[DATA PROVIDED — start]

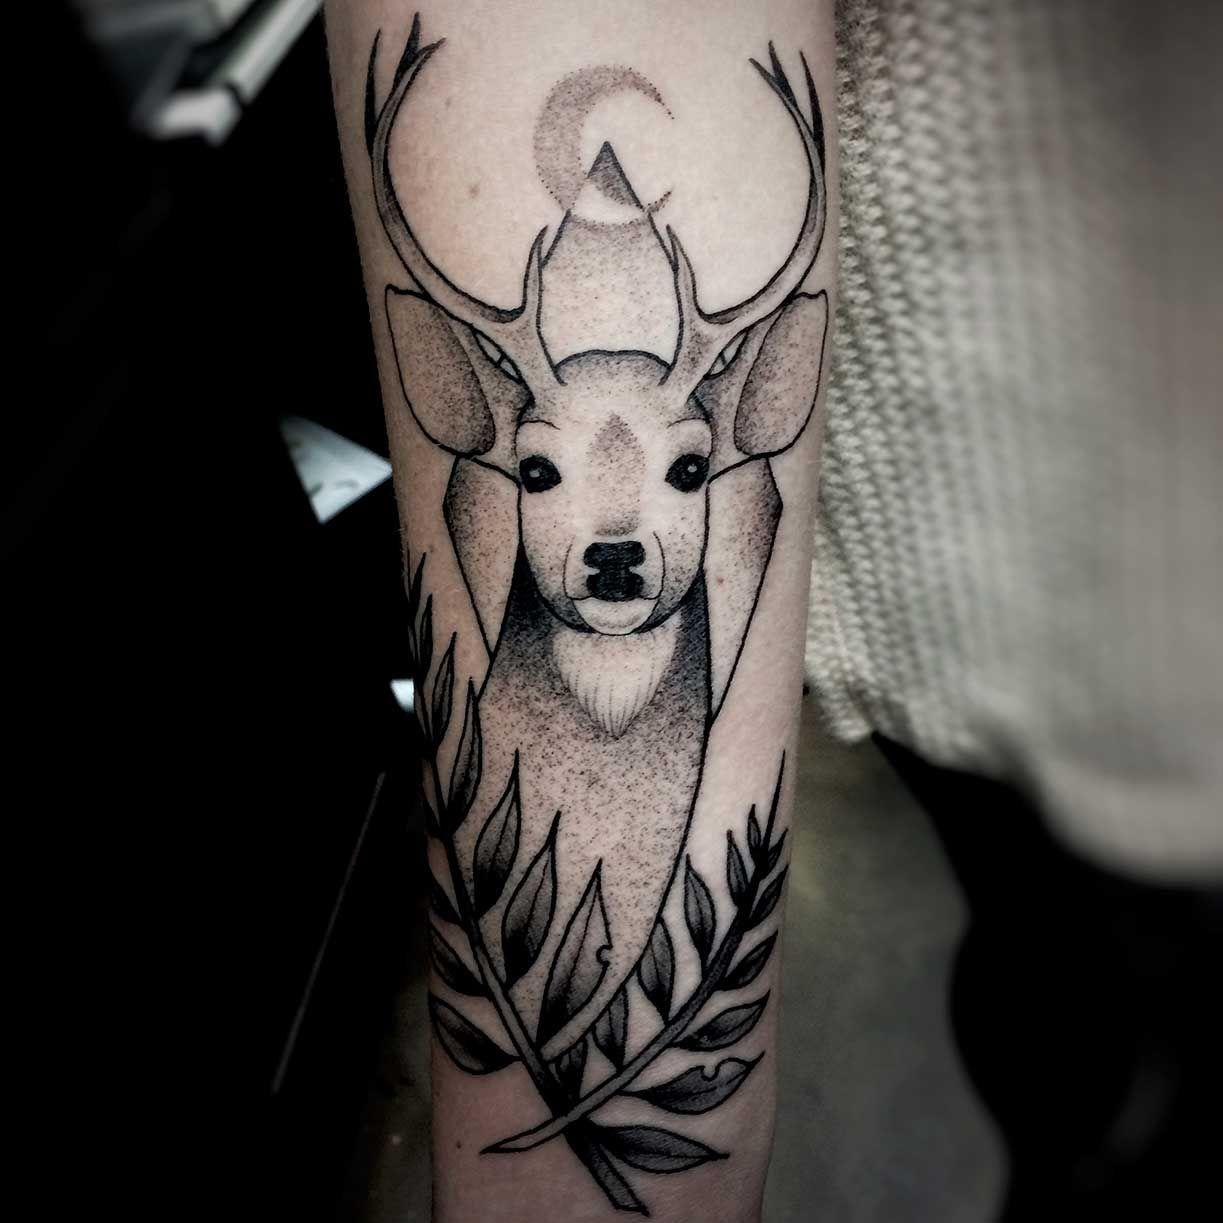 Ian-Spong-Pure-Ink-Tattoo-Deer.jpg (1223×1223)
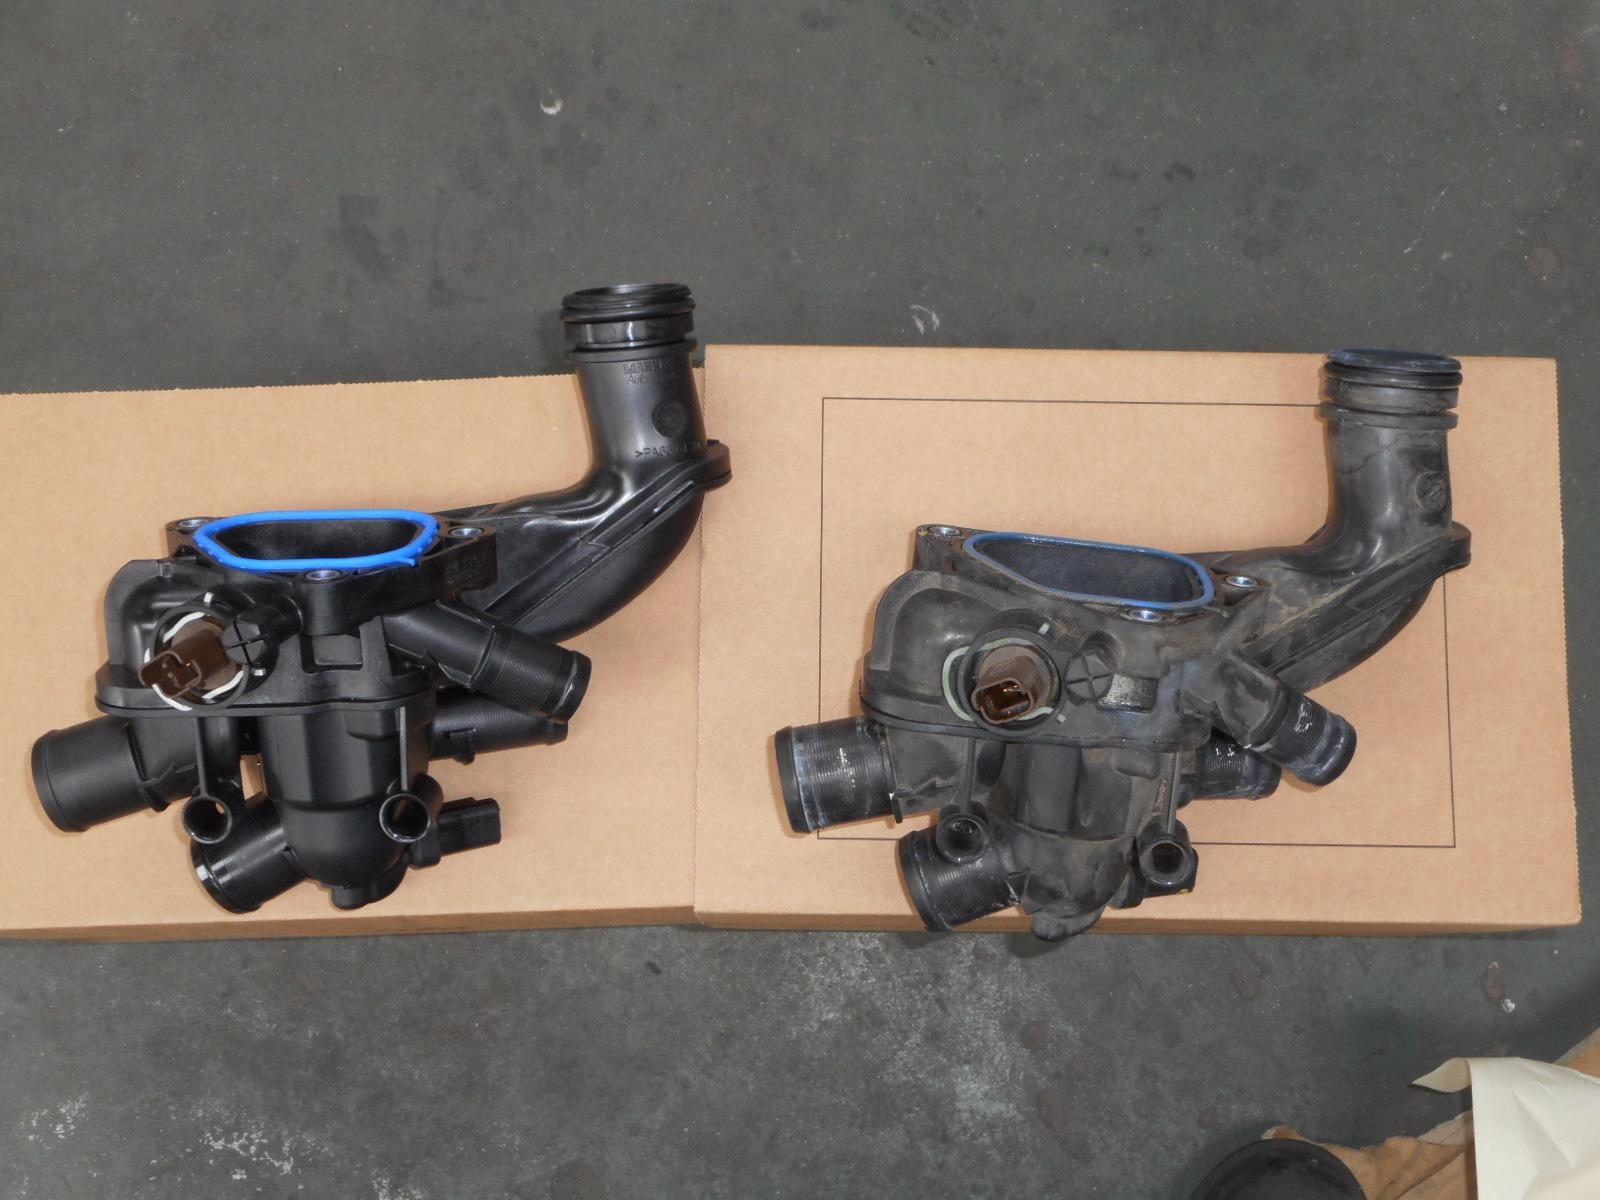 BMW MINI (R56) 冷却水漏れ 修理_c0267693_17150266.jpg
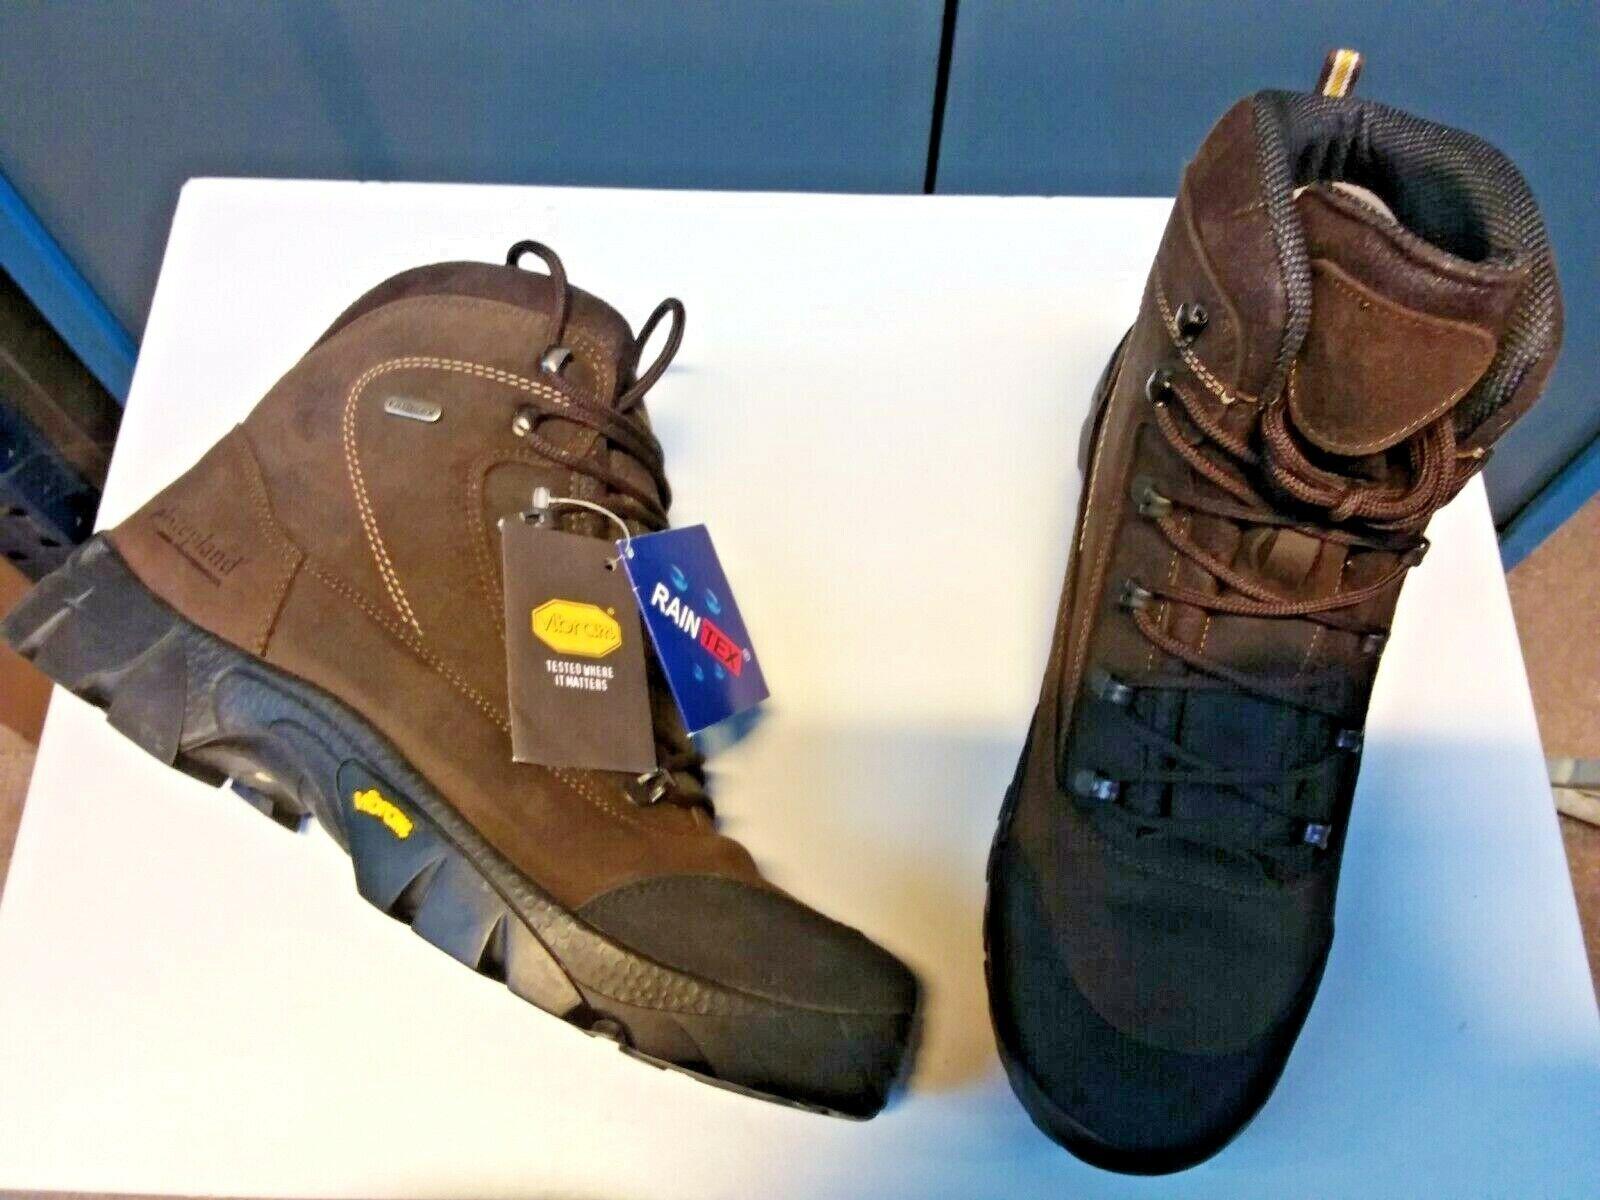 "Schuhe Wandern Stepland Model ""Vercors"" . Leder, Sohle Vibram. Größe 41"
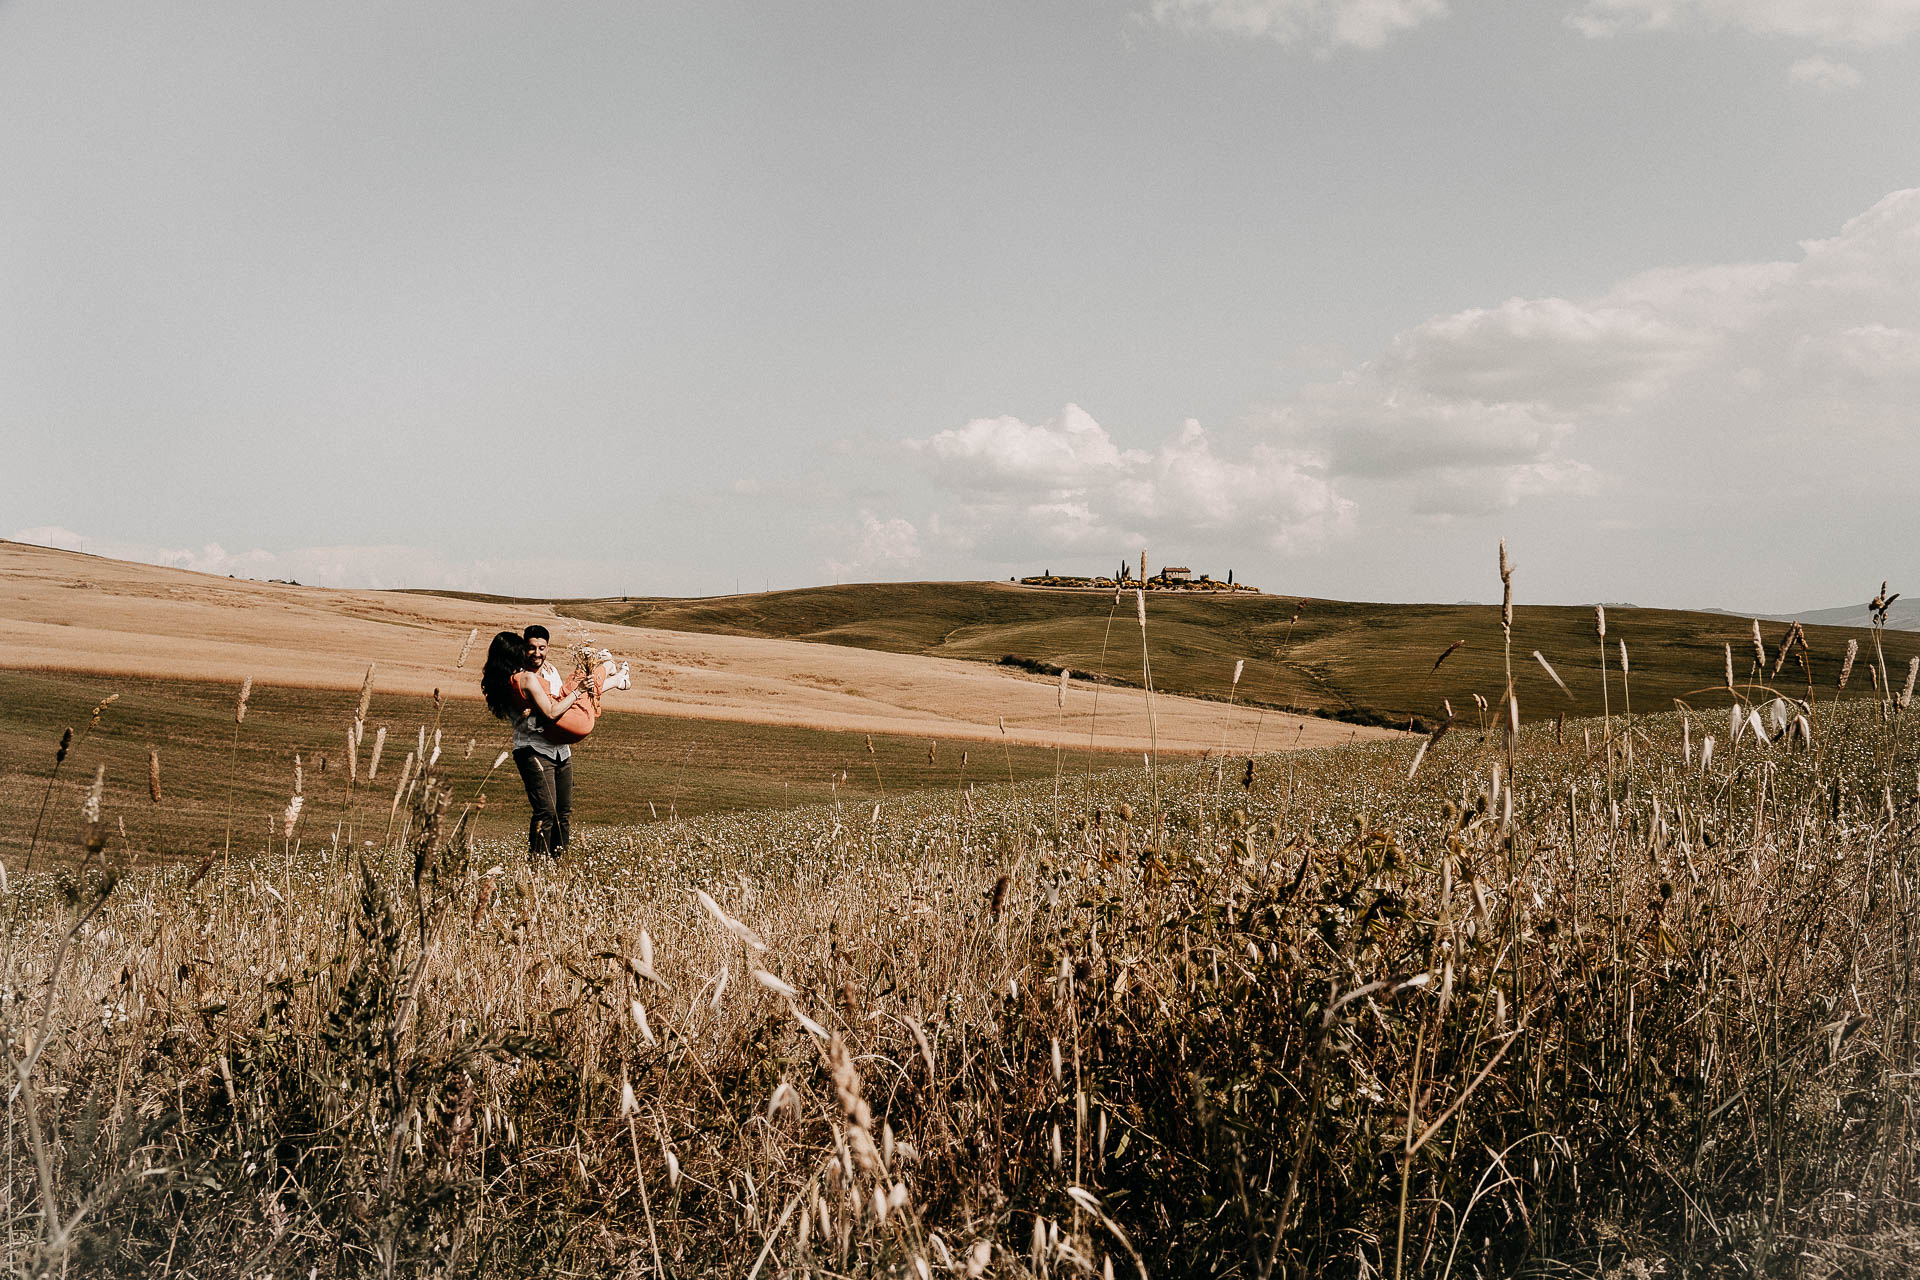 Servizio fotografico di engagement elopement

[DATA PROVIDED — finish]

▸ **WHAT NEEDS TO BE DONE**
Before copying the data, remove the pictures. Then repeat the rest exactly.

▸ **TASK OUTPUT**
 Ian-Spong-Pure-Ink-Tattoo-Deer.jpg (1223×1223)
 BMW MINI (R56) 冷却水漏れ 修理_c0267693_17150266.jpg
 "Schuhe Wandern Stepland Model ""Vercors"" . Leder, Sohle Vibram. Größe 41"
 Servizio fotografico di engagement elopement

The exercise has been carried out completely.